Catchments north of 60N latitude have dominantly high KGE', mainly above 0.5, whilst both high and very low KGE' values are found in lower latitudes, especially in the 0-20 degree band in the tropics (Figure 3, left hand side). There is less of a strong influence between KGE' and catchment area, but larger catchments are more likely to have higher KGE' - catchments over 350.000 km2 (over ~70 in Figure 3, right hand side) tend to have KGE' within 0.5 and 1 (Figure 3) with a smaller proportion of exceptions. It is good to note, that there is a clear step change in Figure 3 (right hand side), with lot more catchment from 10.000 km2. This is because in the early years of GloFAS, the GRDC stations were only added to GloFAS from 10.000 km2 catchment size. In the last few years, this minimum catchment size was lowered and now observation data is used for also smaller catchments, usually above 1000 km2.
Figure 3: GloFAS v3.1 KGE' score distribution according to the latitude of the stations (left/top) and according to the upstream area size (right/bottom). The upstream area is provided as the cube root of the area on the x-axis (~22 is the equivalent to 10000 km2 while 100 is for 1.000.000 km2). The colour of the dots represent the latitude (dark blue is equatorial, green is mid-latitudes and yellow is high latitudes), while the dot size the upstream area.
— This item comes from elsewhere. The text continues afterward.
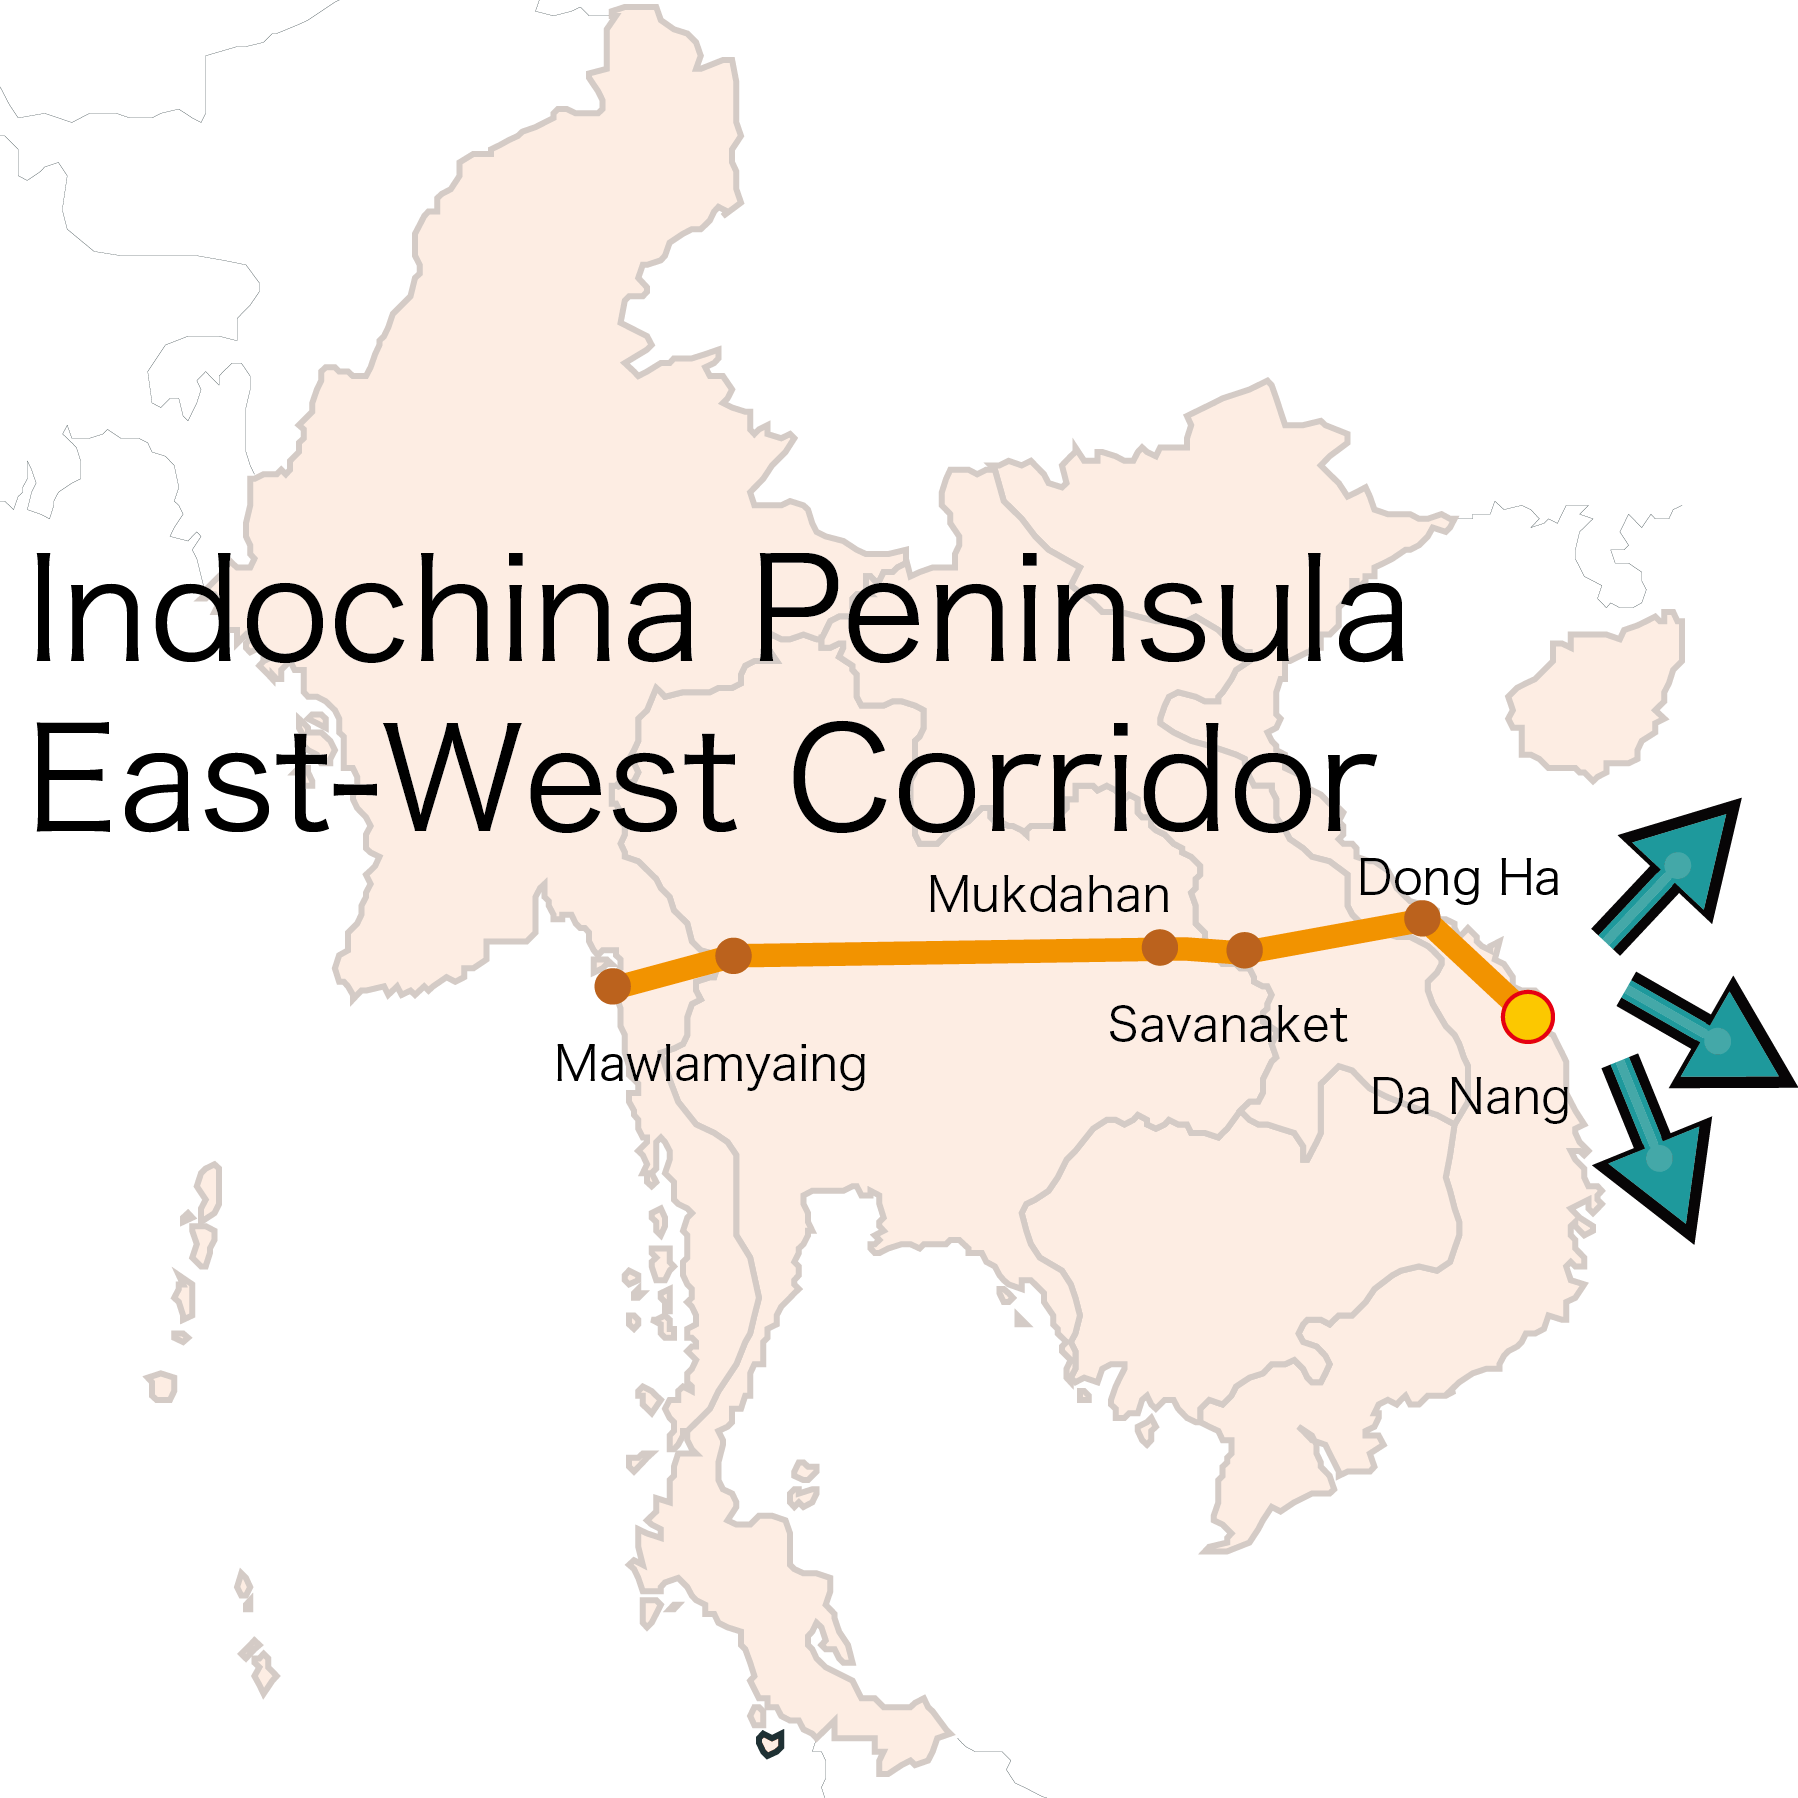 East-West Economic Corridor that crosses the central part of the Indochina. We are increasing land connectivity in ASEAN countries.

Performance in calibrated vs non calibrated stations
Hydrological performance scores are notably lower for stations not used for the v3.1 model calibration (Tables 2, Cal-No columns), vs stations which were calibrated. This is generally expected, however, there are still some interesting aspects to highlight:
- The correlation decrease is relatively moderate, with median pcorr of 0.59 for stations not used in the calibrations compared with 0.74 when only calibration catchments are analysed
- Very significant worsening of the pbias and KGE' errors (strongly linked to pbias), with median absolute pbias of 1.14 vs 0.13 and KGE' of -0.34 vs 0.60 for non calibration vs calibration catchments, respectively
- Some worsening of timing errors in the non-calibration catchments, with the absolute timing error (abstiming) being 5.19 vs 3.41 days as global average. Also, the +-1 day error proportion increases from 45% to 50% of the catchments, while the +-5 days errors increase from 74% to 84% in non-calibration stations vs calibrated stations.
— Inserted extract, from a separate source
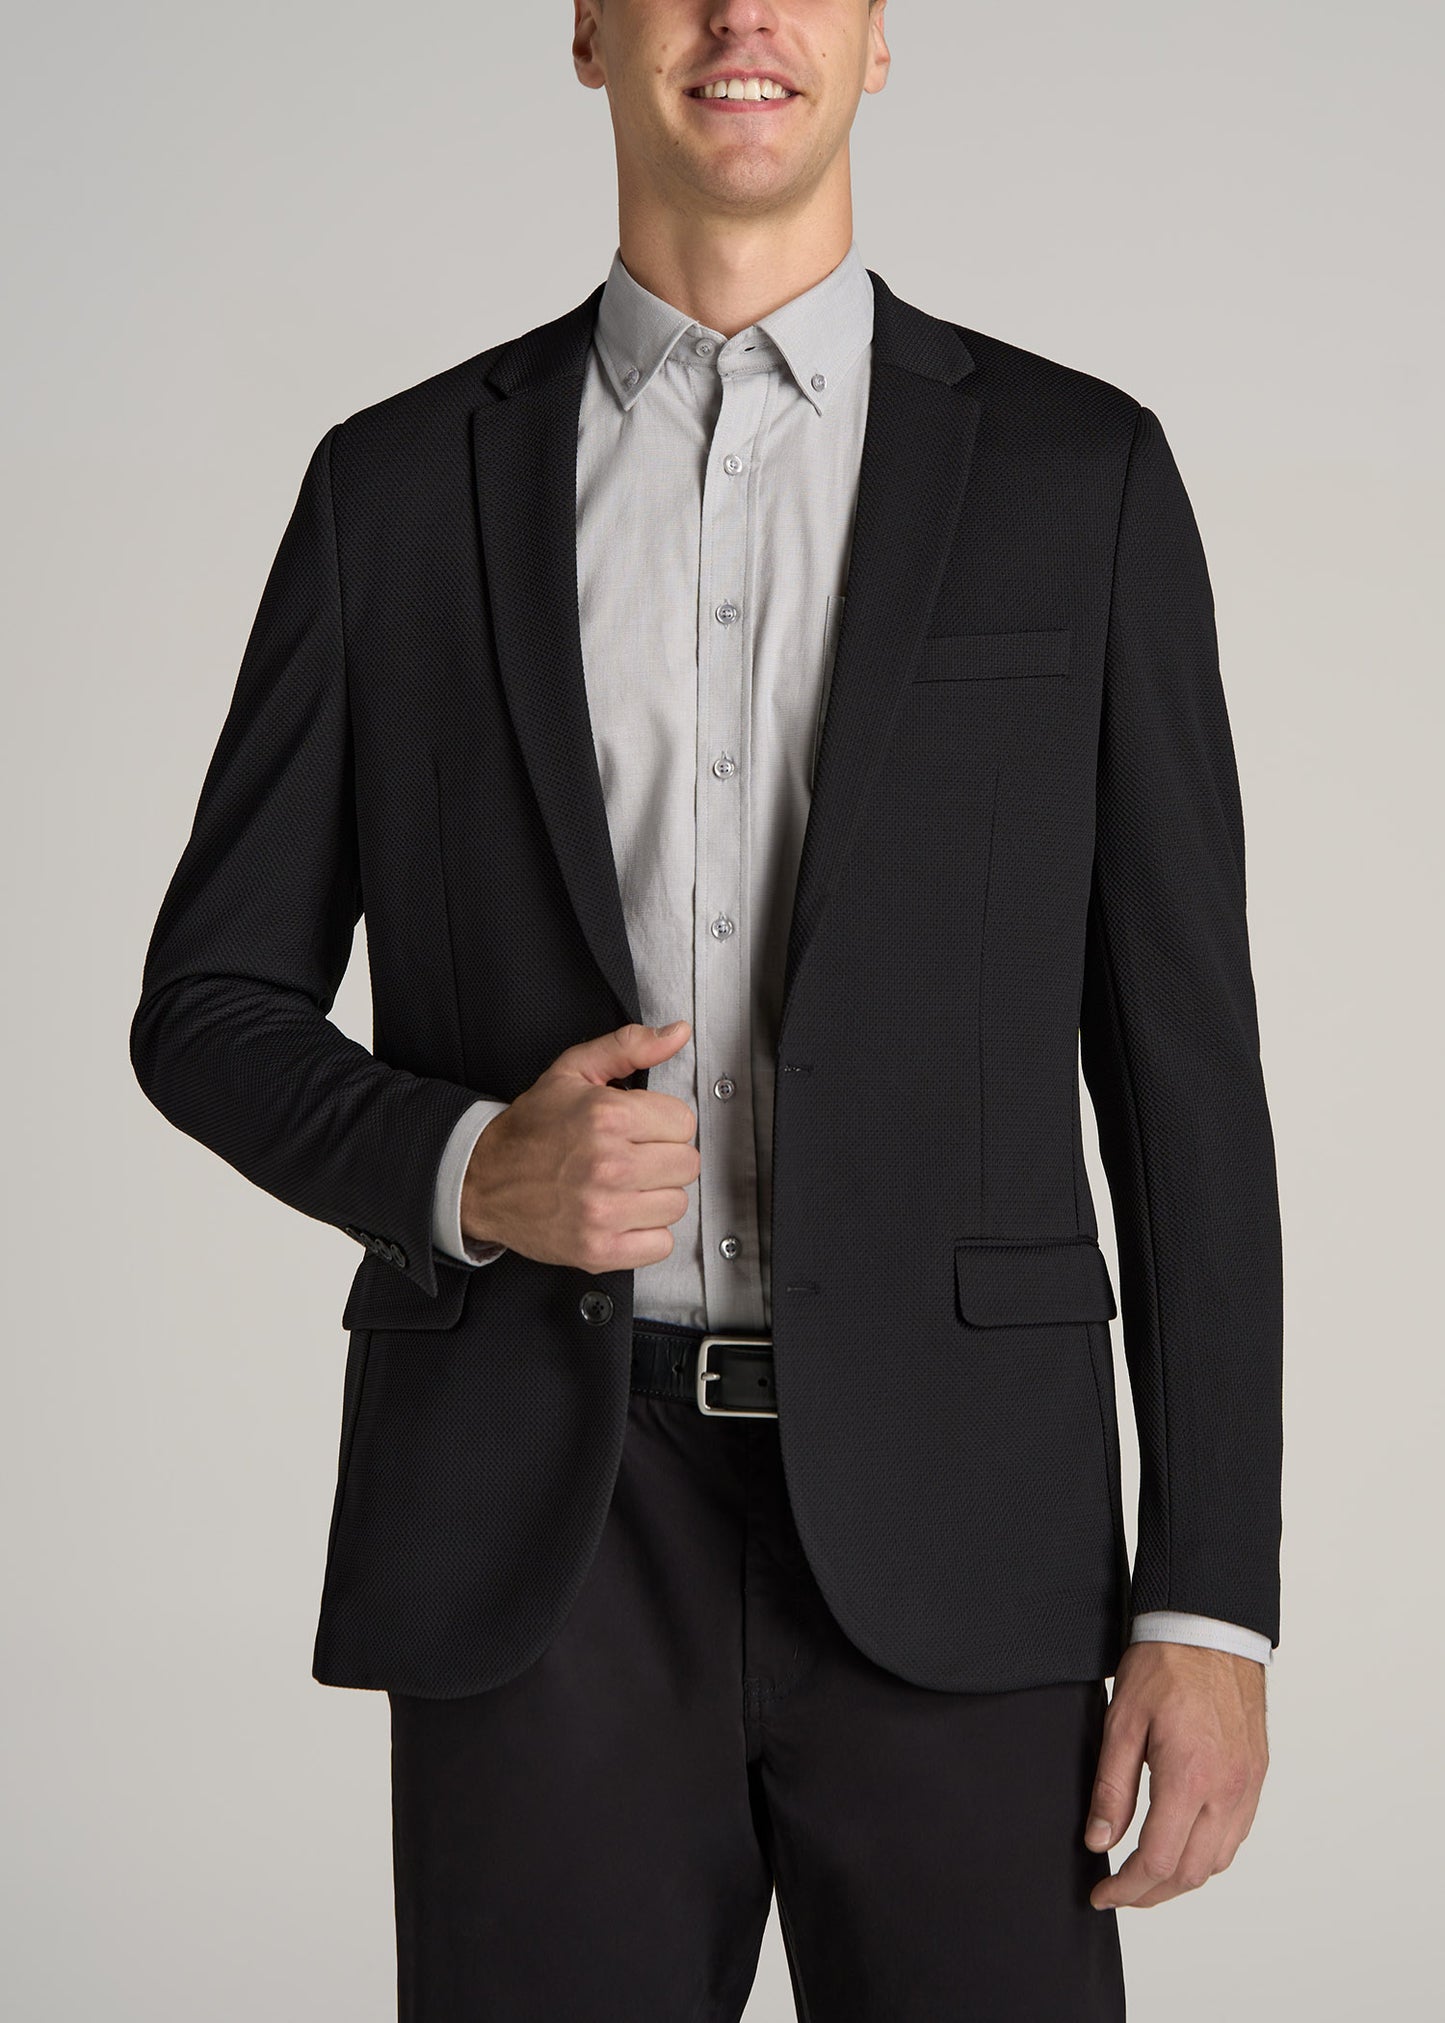 A tall man wearing American Tall's Textured Blazer for Tall Men in Black.

One hypothesis for the poorer hydrological performance is the use of default parameter maps in non calibrated catchments, which are probably not suited for some areas of the world, such as the tropics (e.g. Africa and India), resulting in large positive pbias and hence low KGE' (Figure 4).
Table 2. GloFAS v3.1 scores for catchments included and not included in the calibration.
Figure 4: GloFAS v3.1 hydrological performance scores for calibration catchments (left column or 1st maps) and catchments not included in the calibration (right column or 2nd maps).